Hormones, Childbirth And The Mother-Baby Connection

A new report explores how maternal healthcare can disrupt or enhance the hormonal physiology of birth.

Few people would dispute that hormones rule the world of pregnancy and childbirth. Many people don’t realize however, that mothers and babies’ hormonal systems are interconnected and that common maternal health interventions that disrupt those connections may lead to poor health outcomes.

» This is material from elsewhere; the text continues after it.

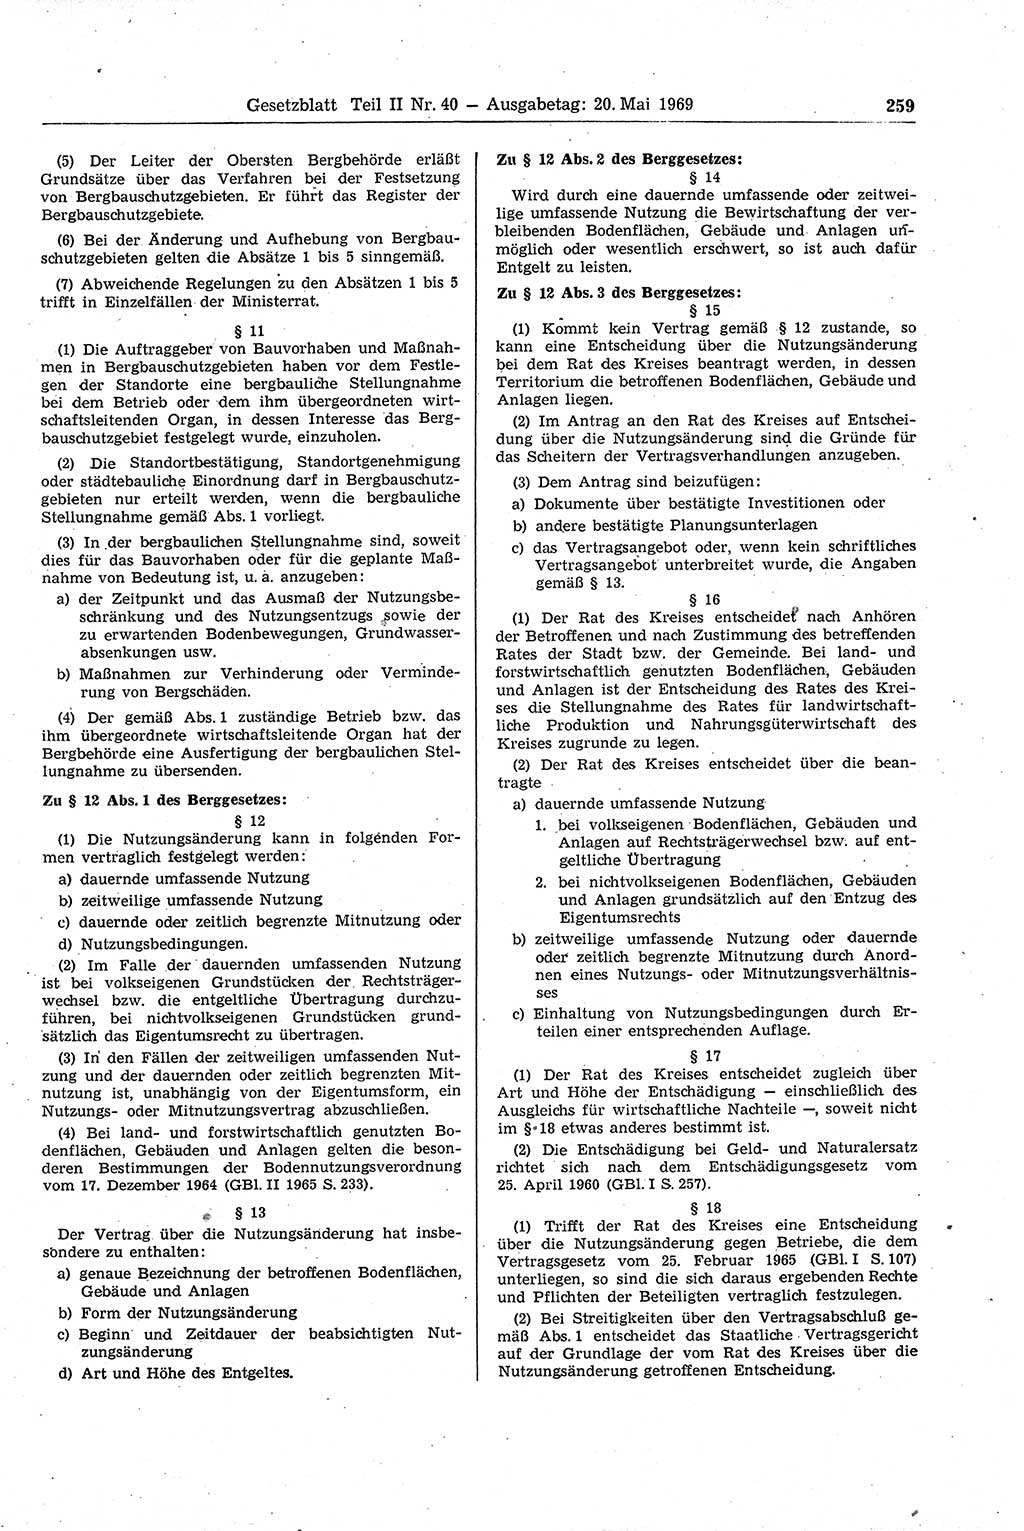 Gesetzblatt (GBl.) der Deutschen Demokratischen Republik (DDR) Teil ⅠⅠ 1969, Seite 259 (GBl. DDR ⅠⅠ 1969, S. 259)

Childbirth Connection, a program of the National Partnership for Women and Families, released a report this month entitled, “Hormonal Physiology of Childbearing: Evidence and Implications for Women, Babies, and Maternity Care.” Their research discusses how hormone systems function from late pregnancy through the early postpartum period and how commonly used interventions — such as labor induction, epidural analgesia, and cesarean section — can disturb hormonal processes and interfere with the benefits they offer. They specifically explore four interconnected hormonal processes between mother and baby that can optimize their labor, delivery, and postpartum experiences and how hormonal actions of one phase anticipate and prepare for subsequent phases. In healthy pregnancies, these processes foster efficient labor, mother-baby safety, bonding and successful breastfeeding. When they’re interrupted by common medical interventions like routine use of synthetic oxytocin and epidurals, then a cascade of complications can occur. For example, it often happens that maternal oxytocin levels decrease after a mother receives an epidural. That leads to mom receiving synthetic oxytocin (Pitocin) to make her contractions stronger, which can lead to desensitization of her natural oxytocin receptors, reduce the ability for her uterus to contract after the placenta is delivered and increase her risk for postpartum hemorrhage.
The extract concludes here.